Domeniucci has a difficult time saying whether AMF has seen an increase in orders, per se, but he knows the company is “busy like hell” building ovens. “When you talk about selling an oven, somebody doesn’t wake up that morning and say, ‘I better order an oven this week.’ Usually those are multiyear processes,” he says. “Those are not easy sales or easy buys. They take a lot of preparation and a lot of engineering, especially today.” SF&WB
AMF Bakery Systems
SOS Smart Oven Technology
AMF Bakery Systems has developed Sustainable Oven Service (SOS) smart oven technology, a remote monitoring system that connects through a separate internet connection embedded in the equipment itself.
“For the first 30 days [after installation], we just monitor your operation,” Domeniucci says. “What do you do with it every day? How does it run? It allows us to look at the efficiency of the operation. Then we call you up and say, ‘How about we come down for two hours on Monday afternoon?’”
The system can analyze aspects of the process like how cold product coming into the oven is responding to high temperature so the operators can fine-tune it, why there’s a 45-minute gap at 1 a.m. between two dough runs, and how much energy costs in a given week, month, or year, Domeniucci says. “The Sustainable Oven Service monitors the oven to give the customer important feedback on how the oven operates and what he can do to make it operate better,” he says.
The Babb Group
BABBCO Clean Bake Oven
The Babb Group will unveil its updated hybrid tunnel oven, called the Clean Bake Oven, at IBIE, Barnes says. It’s capable of running both gas and electric and switching back and forth. “It allows low risk of entry for customers because their existing process does not have to be modified,” he says. “You have a lot of corporate stakeholders that are demanding everybody pay attention to sustainability objectives, and zero-free carbon emissions. There are a lot of sustainability departments at major companies.”
While the corporate office and C-level executives want those objectives met, the plant team wants to make sure they can produce the same day-to-day quality level, which The Babb Group was mindful of, Barnes says. “We wanted to satisfy both ends of the spectrum from the end-user standpoint,” he says. “It can be used for all snack and bakery products that you can bake in a tunnel oven.”
Clextral
Evolum Plus
The Evolum Plus from Clextral upgraded the company’s relatively simple dryer to one that’s higher capacity, modular, and hygienic, Maller says.
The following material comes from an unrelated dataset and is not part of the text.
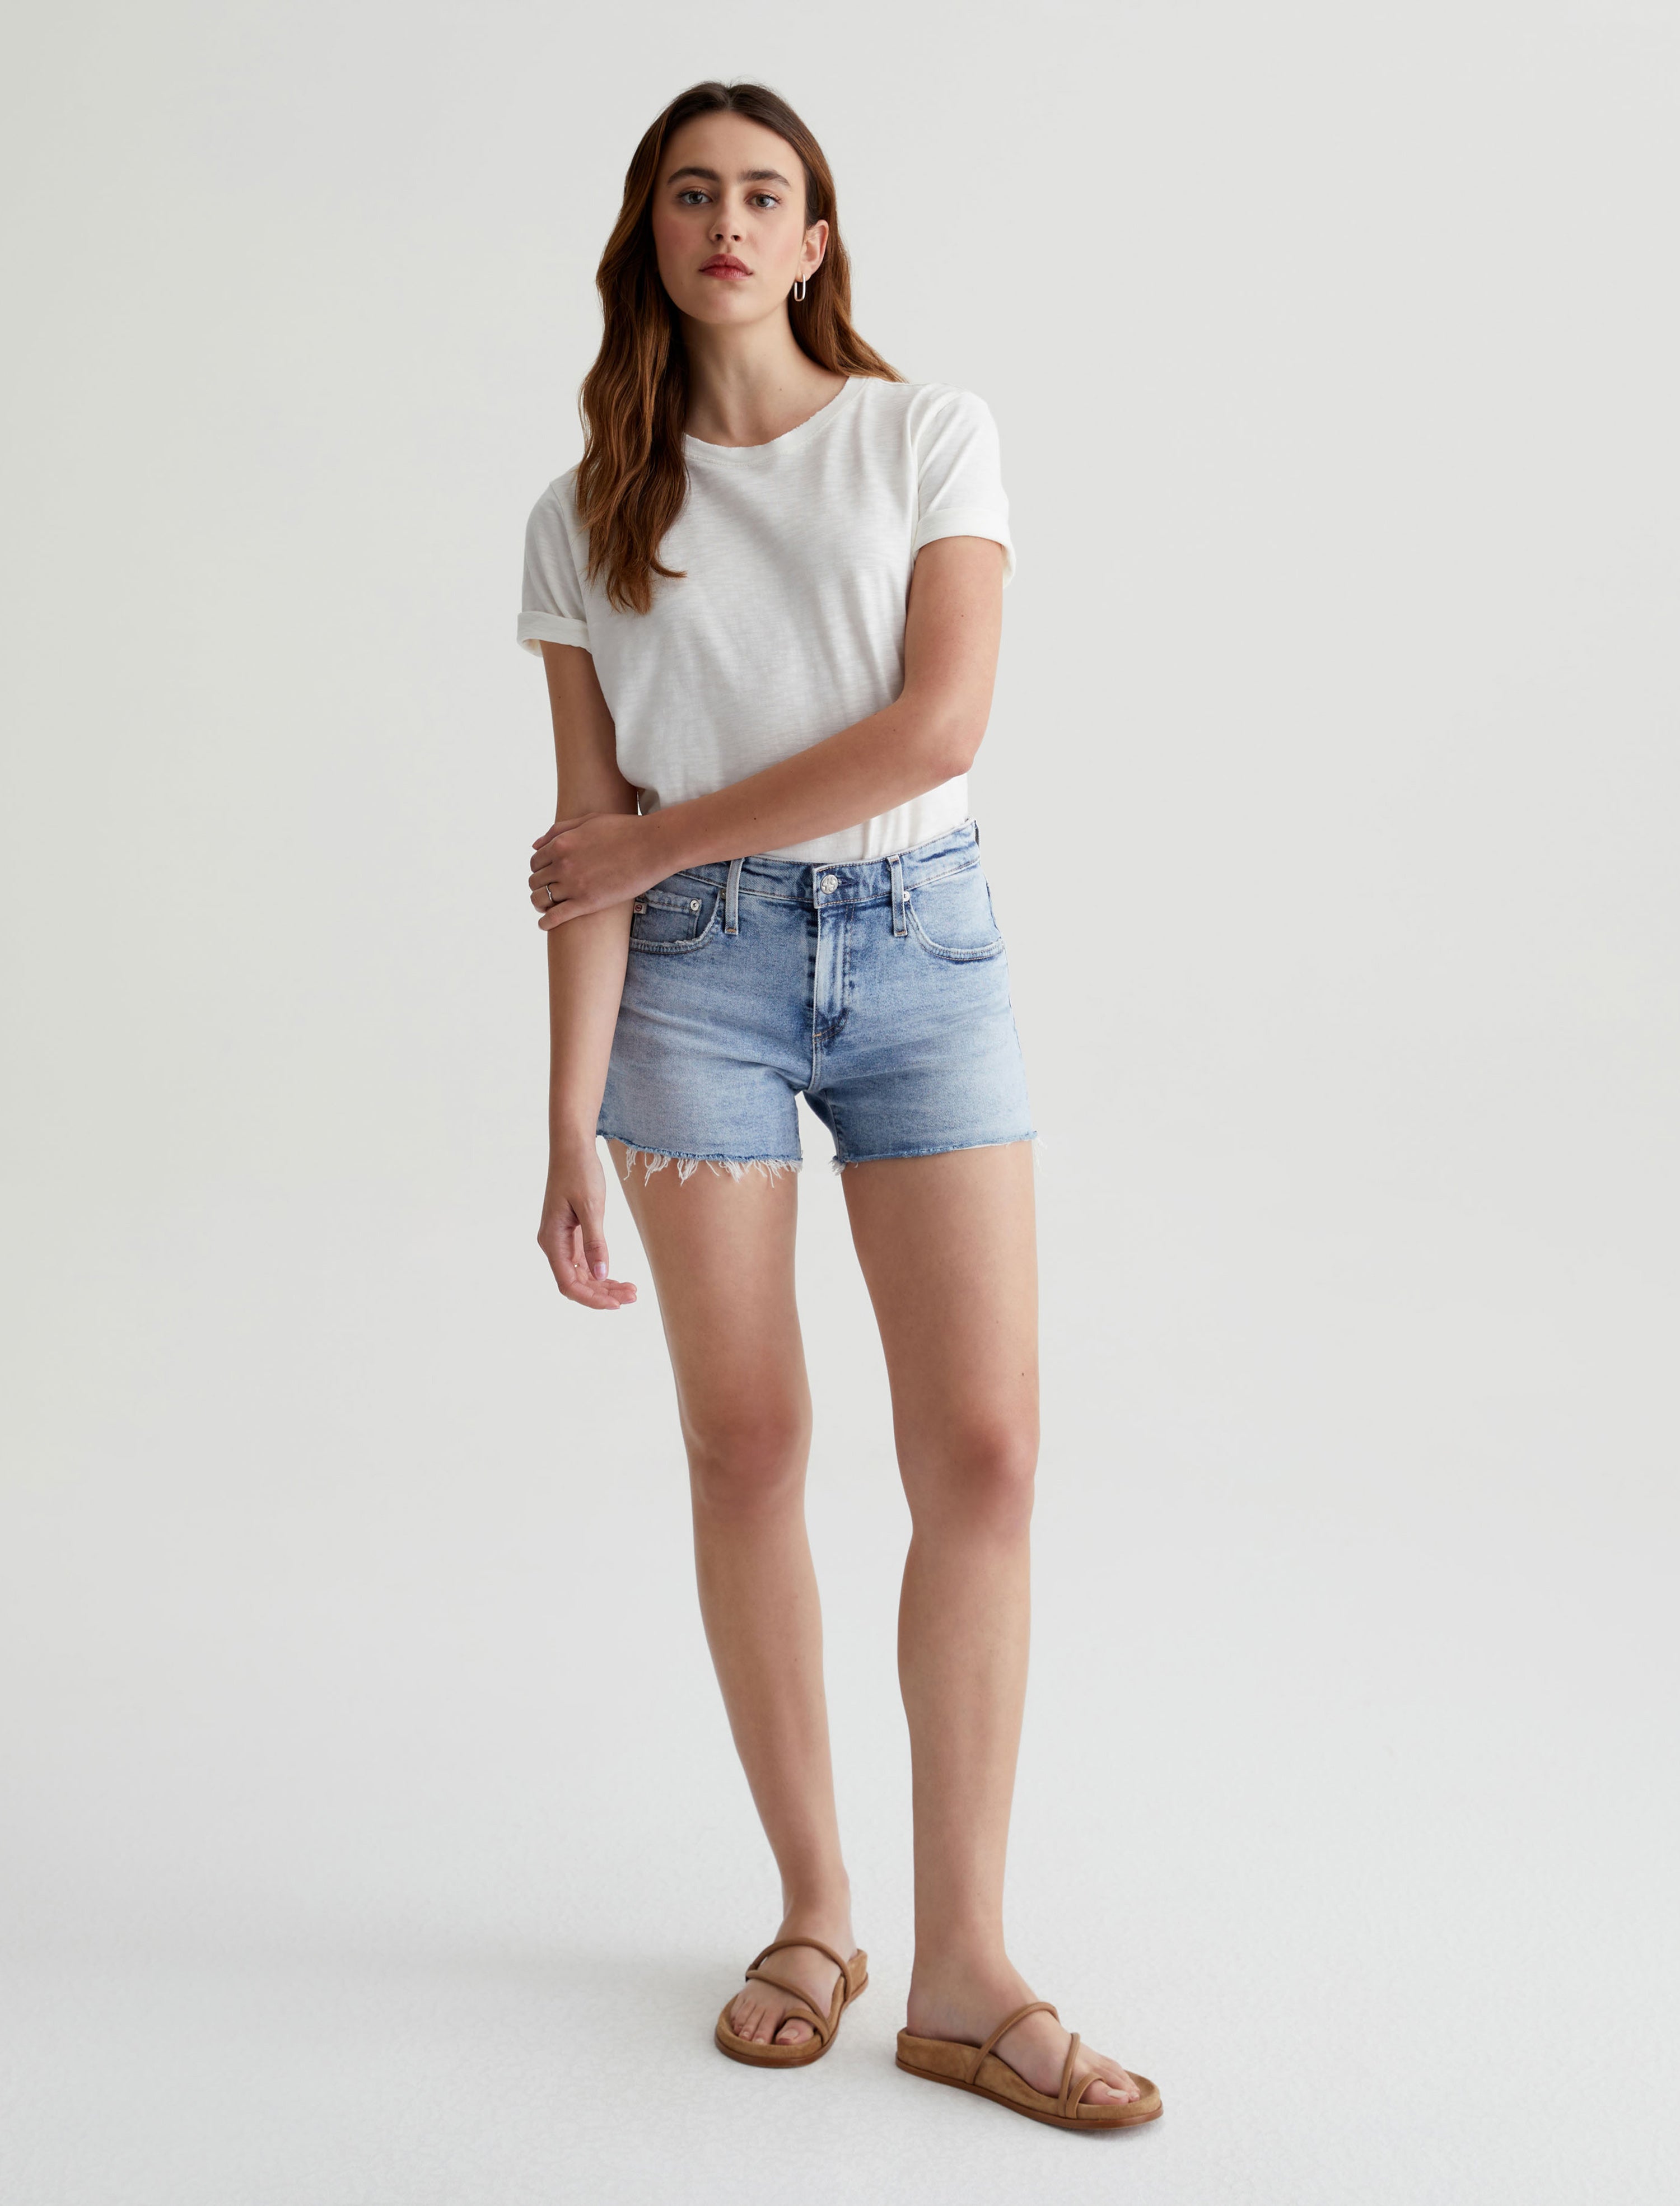 So Cheeky - Denim Shorts for Women | Billabong

The company designed it initially for the breakfast cereal industry, “which is extremely challenging,” he says. “It’s a very sticky product that you need to dry very well.”
That sector is also among the most stringent in terms of wanting hygienic design, which Clextral provided through use of stainless steel, full washdown, and automatic belt cleaning, Maller says. And the modularity enables it to handle widely varying weights, from 500 kilograms to two or three tonnes.
“On top of that, for drying efficiency, we worked with an institute that specializes in airflow and heat treatment, people we have been working with for a very long time,” he says. “As it’s a dryer, it’s potentially dangerous—so we embedded lots of safety devices, like fire detection, gas management, a safety burner, and safety switches. These were key to the design of the dryer.”